_Records supplied_
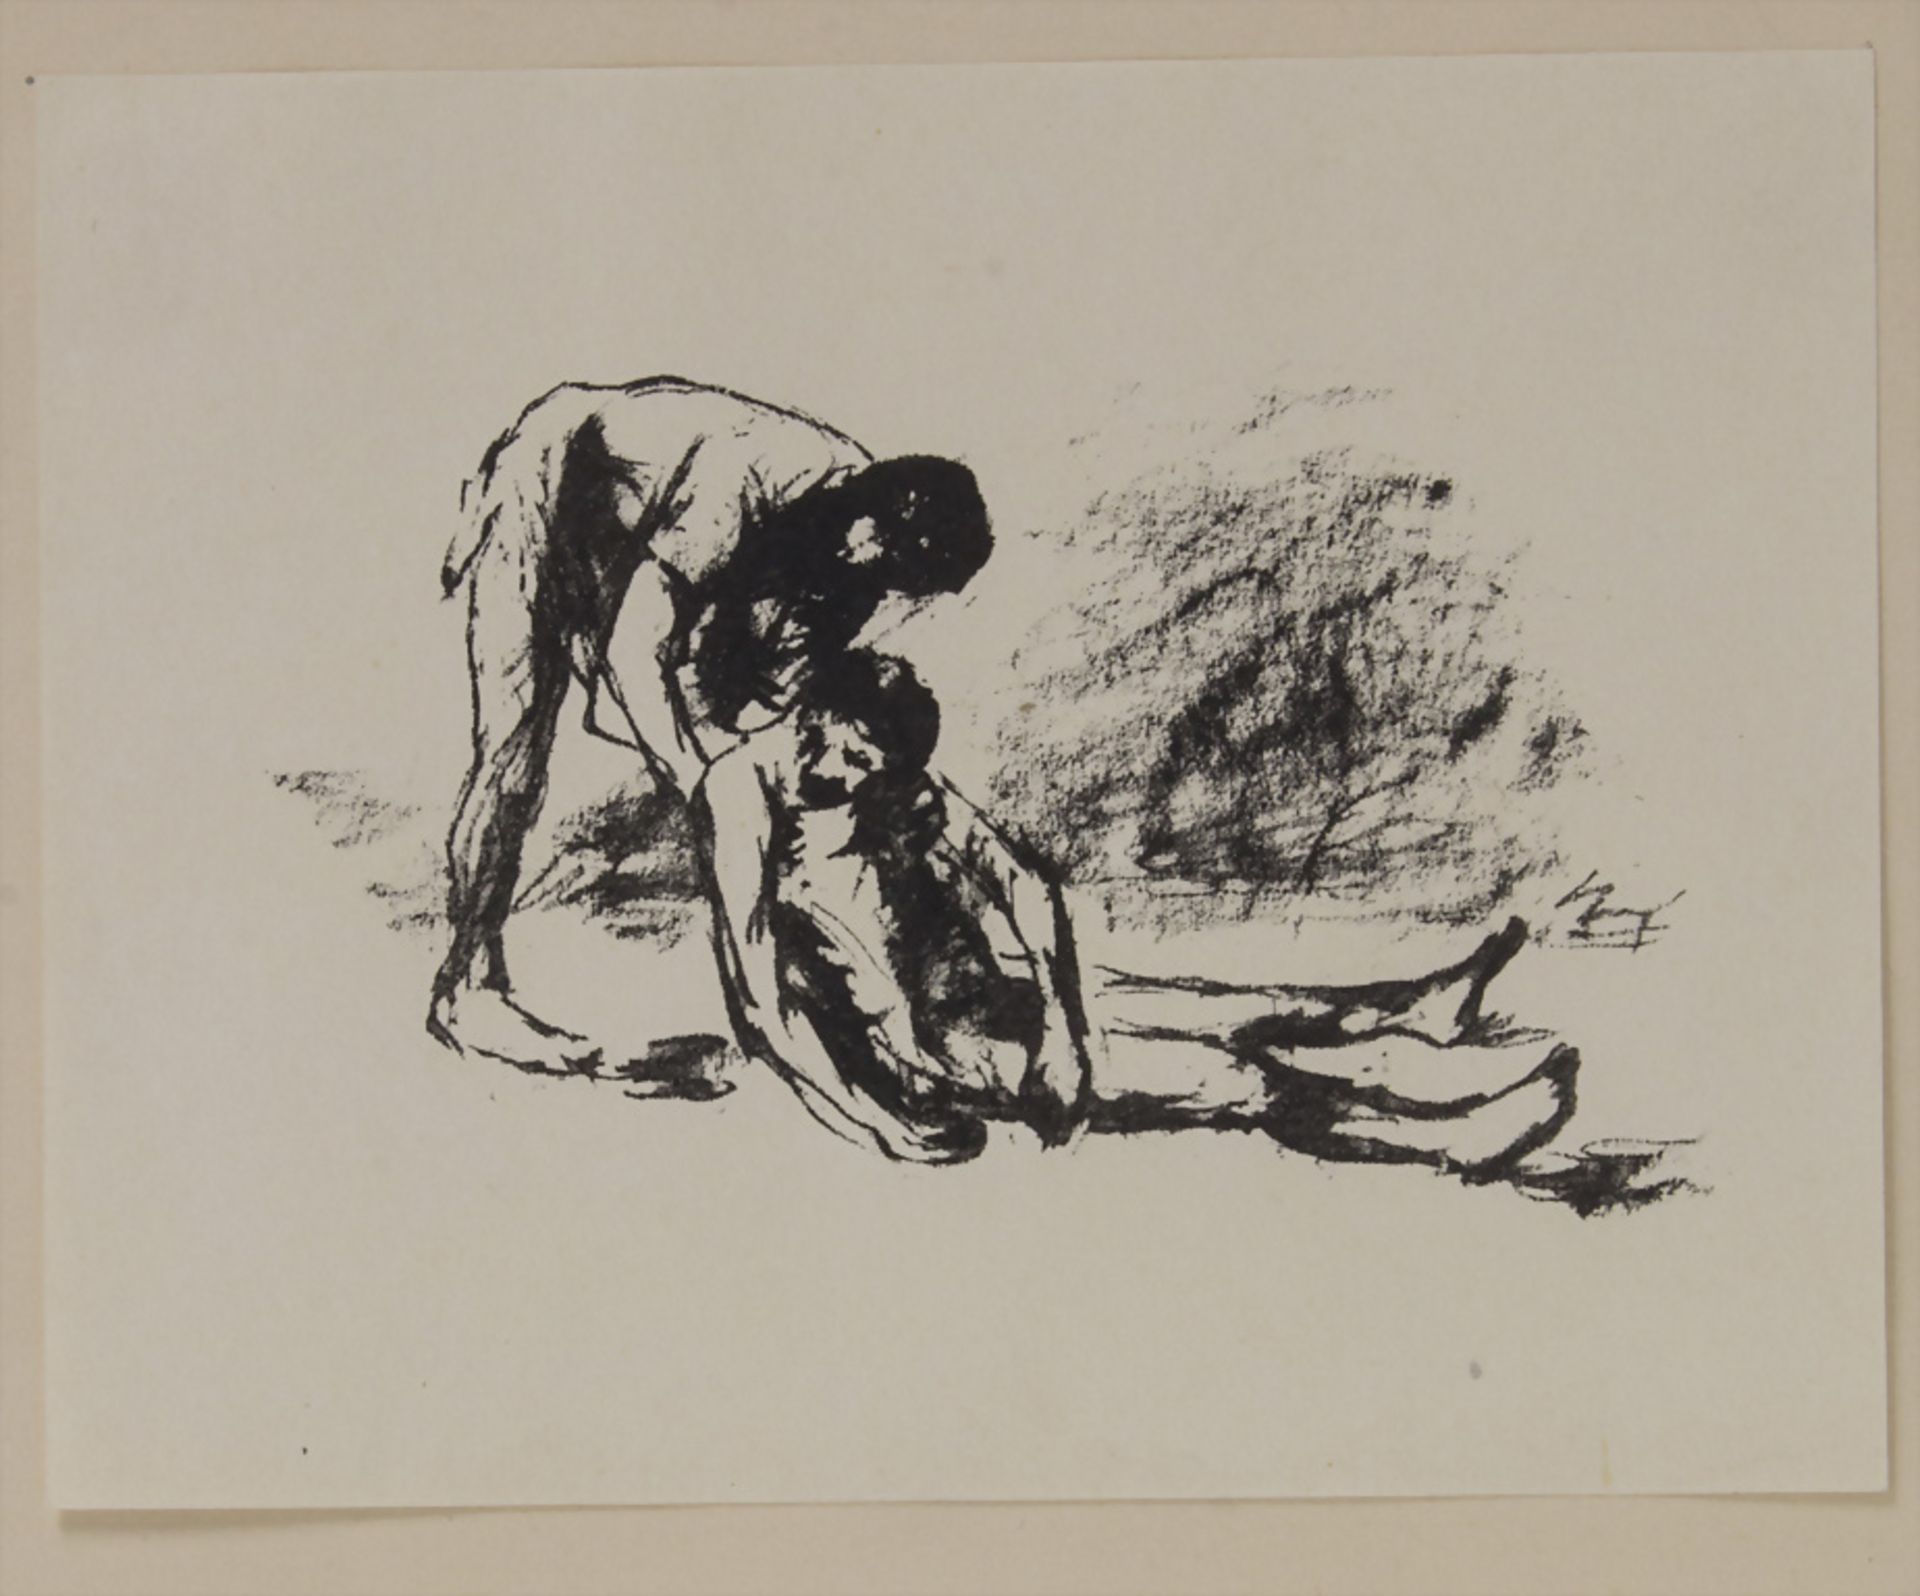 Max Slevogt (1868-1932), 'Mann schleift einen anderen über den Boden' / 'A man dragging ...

* * *

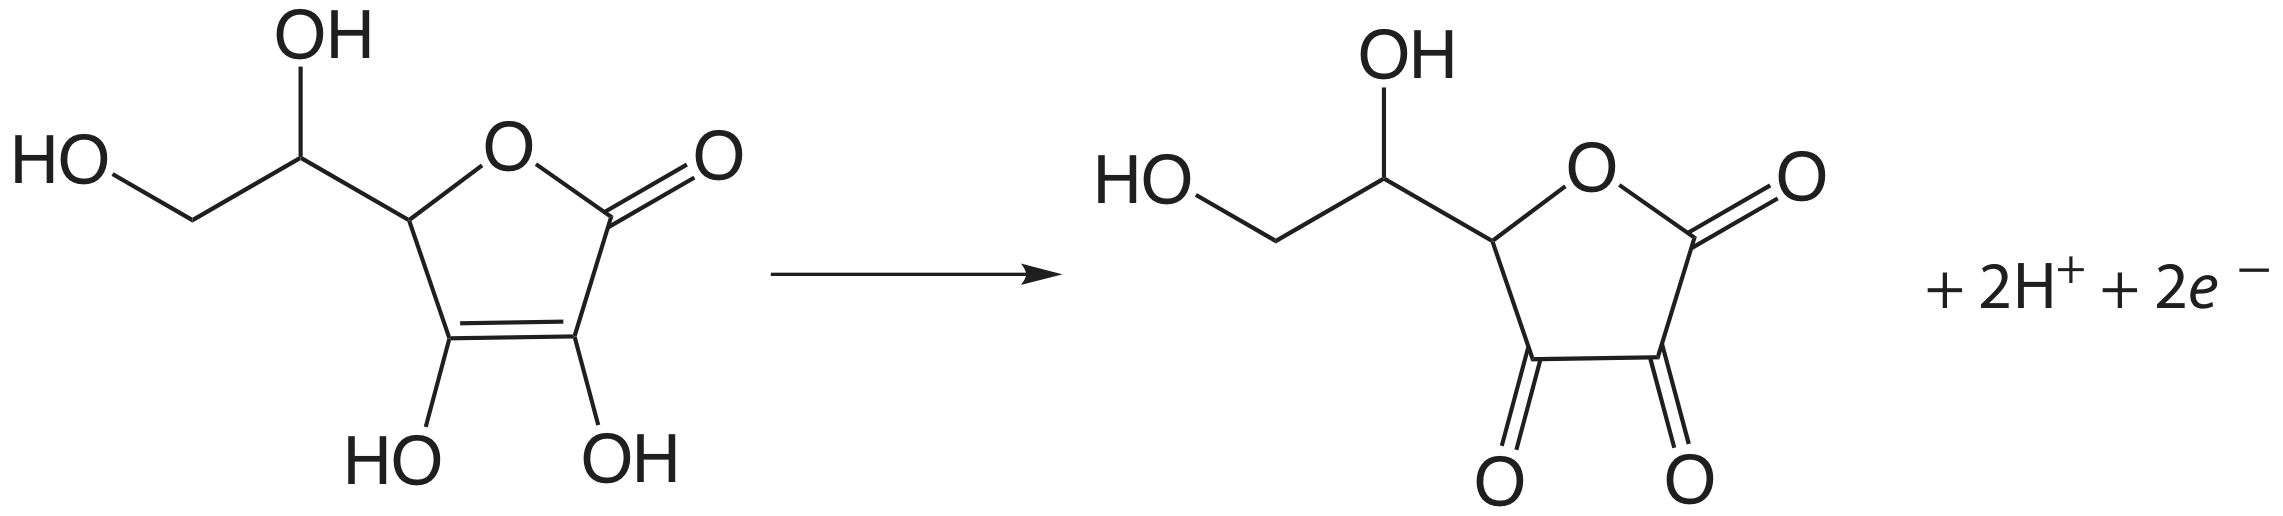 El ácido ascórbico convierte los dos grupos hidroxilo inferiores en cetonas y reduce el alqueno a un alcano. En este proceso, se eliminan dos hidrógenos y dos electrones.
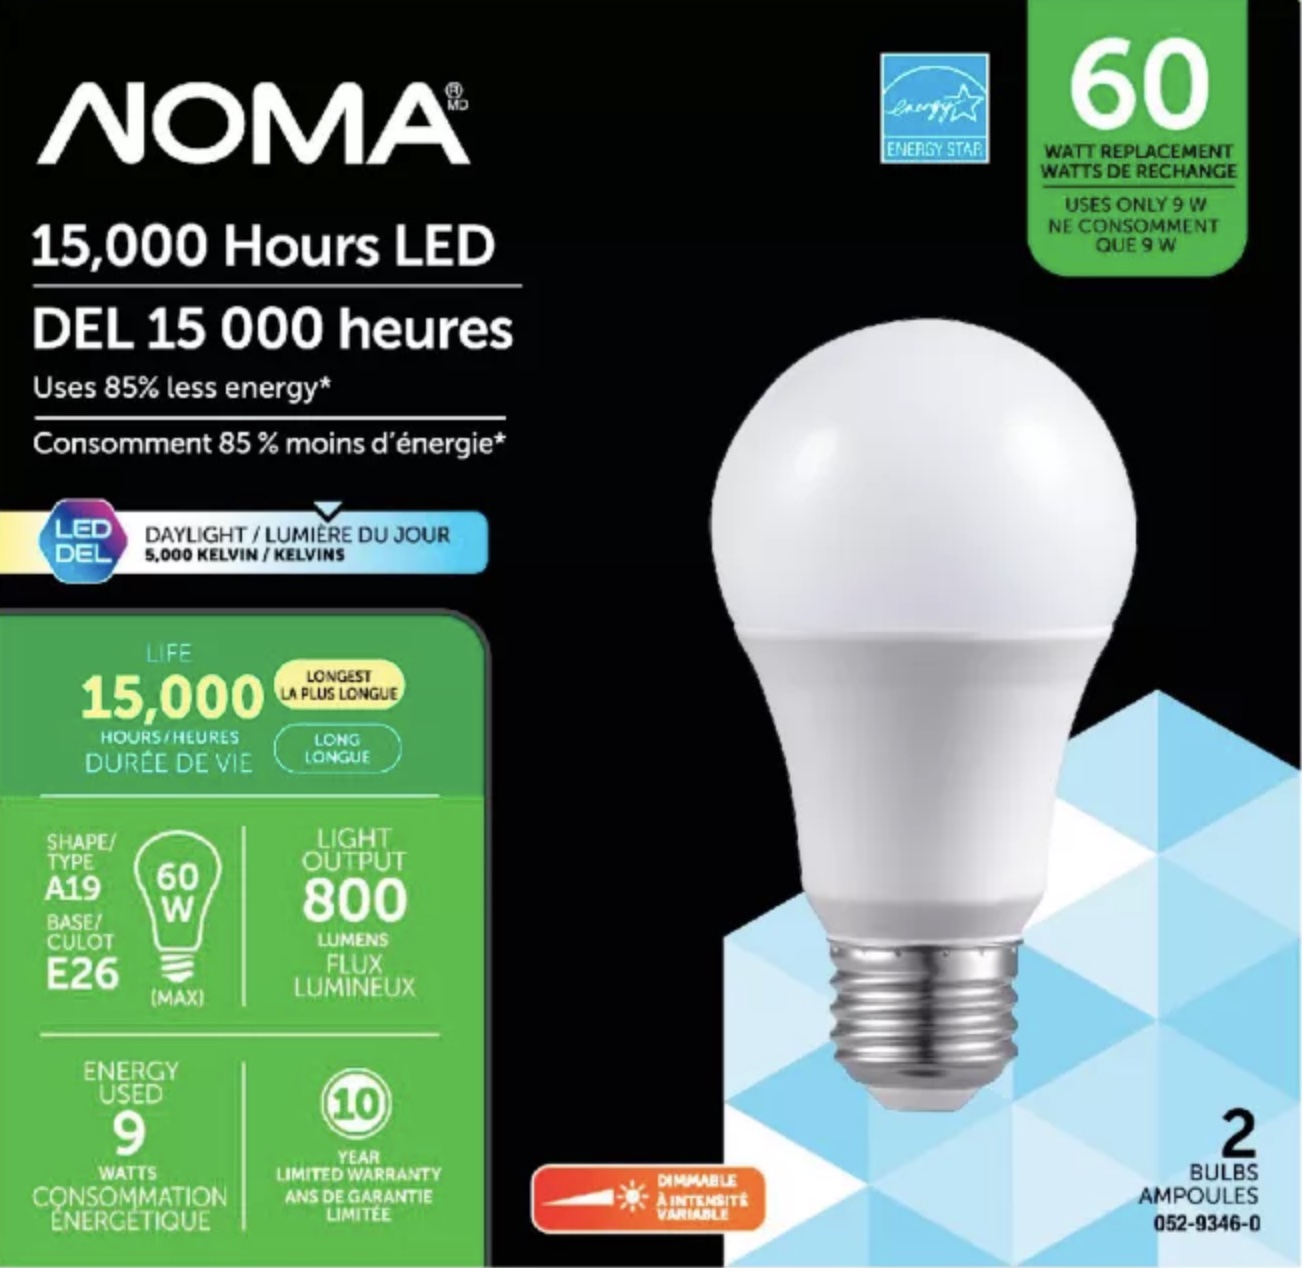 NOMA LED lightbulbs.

_Assignment_
Transcribe only the lines above that start at the line containing "El ácido ascórbico" and end at the line containing "NOMA LED lightbulbs.". Omit pictures.

_Output of the exercise_
 El ácido ascórbico convierte los dos grupos hidroxilo inferiores en cetonas y reduce el alqueno a un alcano. En este proceso, se eliminan dos hidrógenos y dos electrones.
 NOMA LED lightbulbs.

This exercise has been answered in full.